AIP-57 Refactor SLA Feature

Status

Summary

Solutions that address the known issues in the existing Task-Level SLA feature result in overloading the logic on the scheduler. This is inevitable because of the number of individual tasks we have to evaluate the SLA on, as well as the different states the individual tasks can be in - whether that be finished, unfinished, or not yet scheduled. Given this clear downside, keeping the current definition of task-level callbacks may not be strictly necessary, especially with tools like DateTimeTriggers that can substitute the function of task-level SLA callbacks. 

On the other hand, I believe that SLAs defined at the DAG level will be extremely useful as a 'catch-all' alert in case anything goes wrong in a DAG. In addition, SLAs defined at the DAG level will be incredibly lightweight to detect and execute callbacks for.

'Time-limit' Task-Level SLAs, whose measurement is contained within a task (as opposed to in the scheduler or the dag_file_processing_processor) is also a viable alternative that is highly scalable.

Hence, I'd like to propose that SLAs be refactored to these two implementations, and that the existing Task-level SLA feature that keeps track of the time difference between the dag and a task be deprecated.

Motivation

We often need to guarantee that a job is finished by a certain deadline. This concept is loosely defined as an ‘SLA’. In the scope of scheduled jobs, an SLA usually is referred to relative to the expected start time of the job. While the current SLA feature evaluates the event of missing an SLA correctly according to this definition, it is more of a misfeature due to the following list of problems.

The original discussion was carried out on the detailed Google Doc.
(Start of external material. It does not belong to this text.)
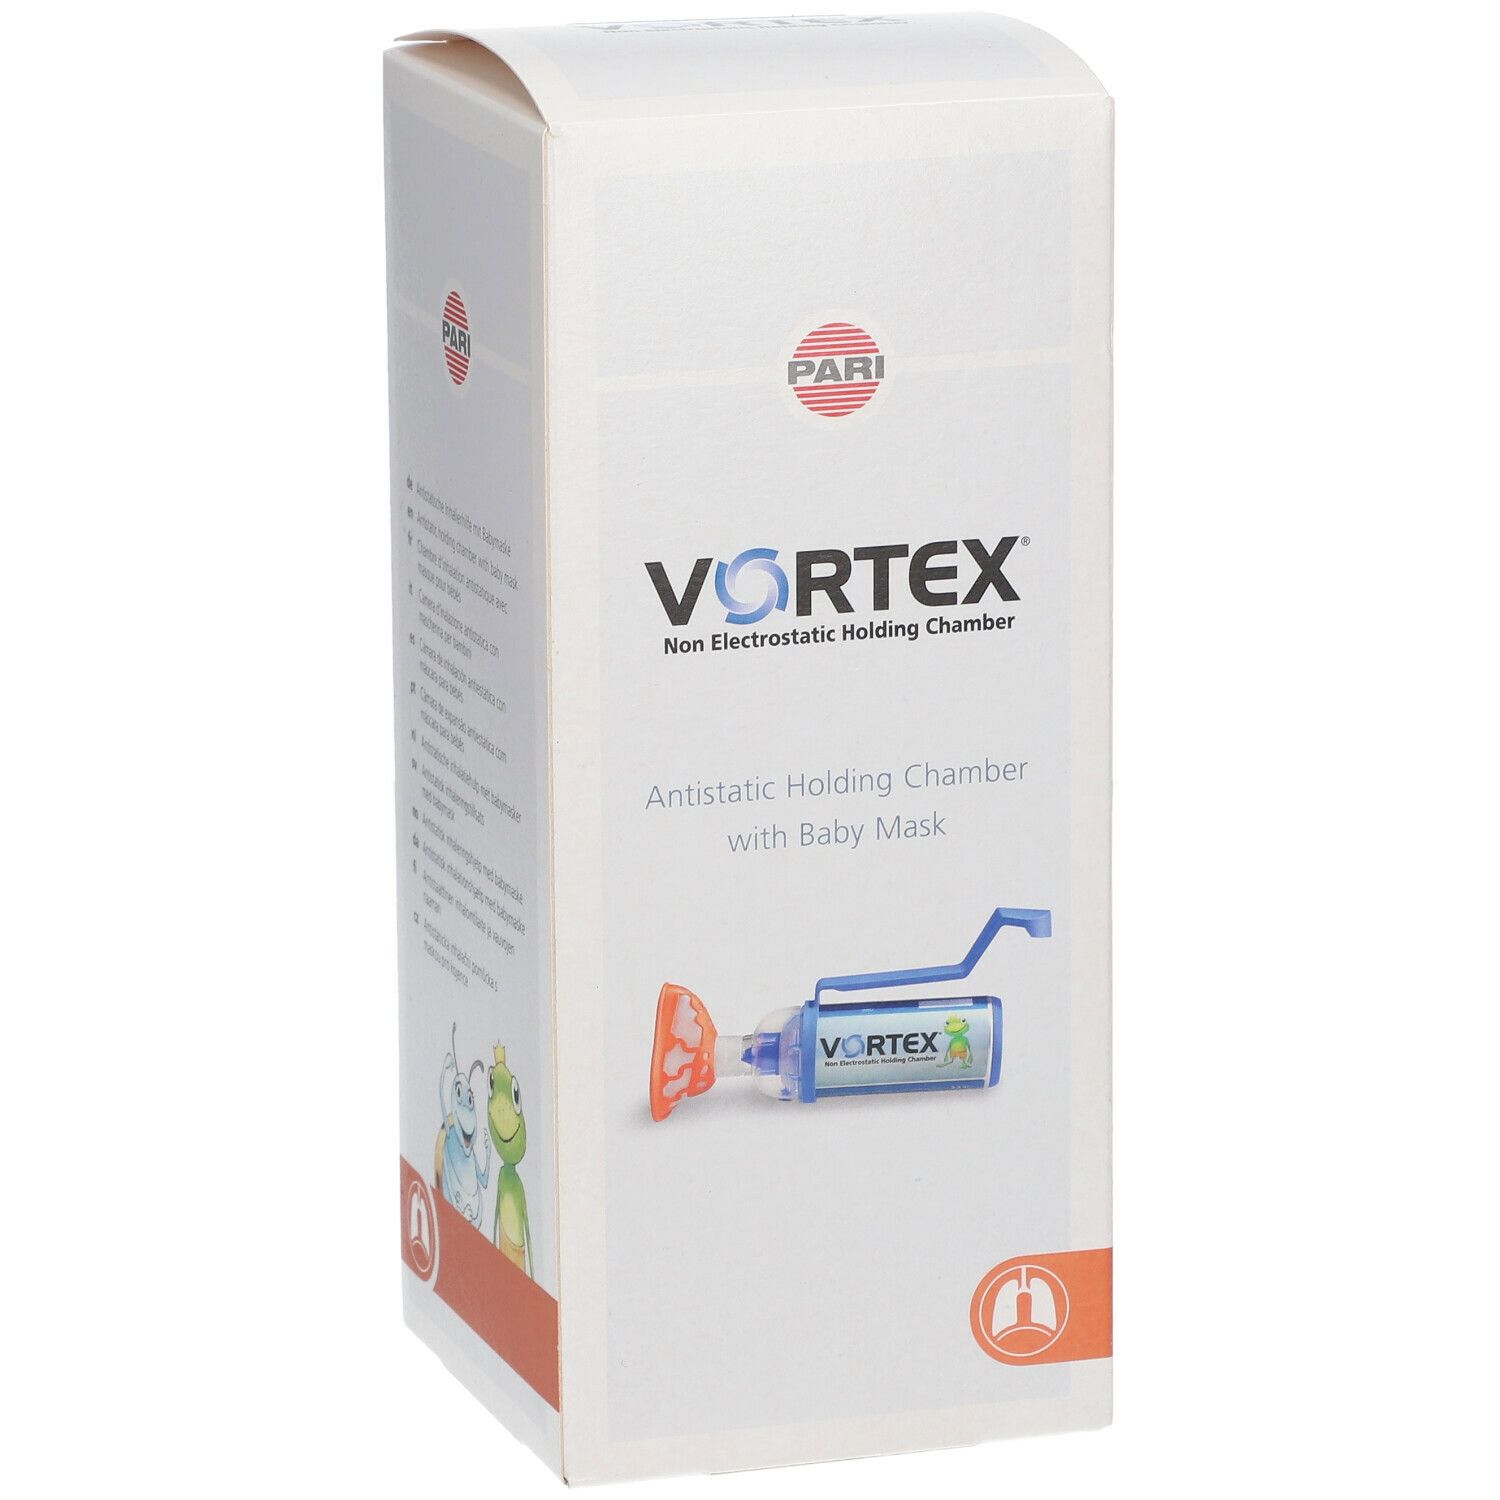 VORTEX® Antistatische Inhalierhilfe mit Babymaske

Problems in the Current State

1. Sla_miss is evaluated only if the task_id has ever been in SUCCESS or SKIPPED state. This means that if the task has not succeeded in the first place, due to it being blocked, or is still running, or is yet to be scheduled, the sla_miss_callback is not executed. This is a detrimental misfeature of the existing SLA implementation, as users often want to use SLA for delay detection, to enable them to investigate any possible issues in their workflow pre-emptively. If a dag is ever changed to rename the task_ids or add new task_ids, the first runs of the new task_ids will never have their SLAs evaluated. 
2. SLA is defined as a timedelta relative to the dagrun.data_interval_end based on the timetable of the scheduled job. Some DAGs are triggered externally either manually or via a Dataset, meaning they don’t have a fixed schedule or start time preventing the evaluation of an SLA miss. 
3. Sla_miss_callback is an attribute of the DAG, but the SLA’s are defined as attributes of the individual tasks. This is counterintuitive, and does not allow users to run callbacks that are customized at the task level if deadlines are missed.
4. The current implementation triggers the parsing of dag files when an sla_miss_callback is sent to the DagFileProcessor. This means that if an sla is defined within a dag, we may end up parsing the dag file more frequently than at the frequency defined by min_file_process_interval because the sla_miss_callbacks are sent to the DagFileProcessor at every time dag_run.update_state is called. This is especially bad for sla_miss_callbacks compared to the other dag level callbacks, because sla_miss_callback is requested everytime we examine and attempt to schedule the dagrun, even if there are no state changes within the dag.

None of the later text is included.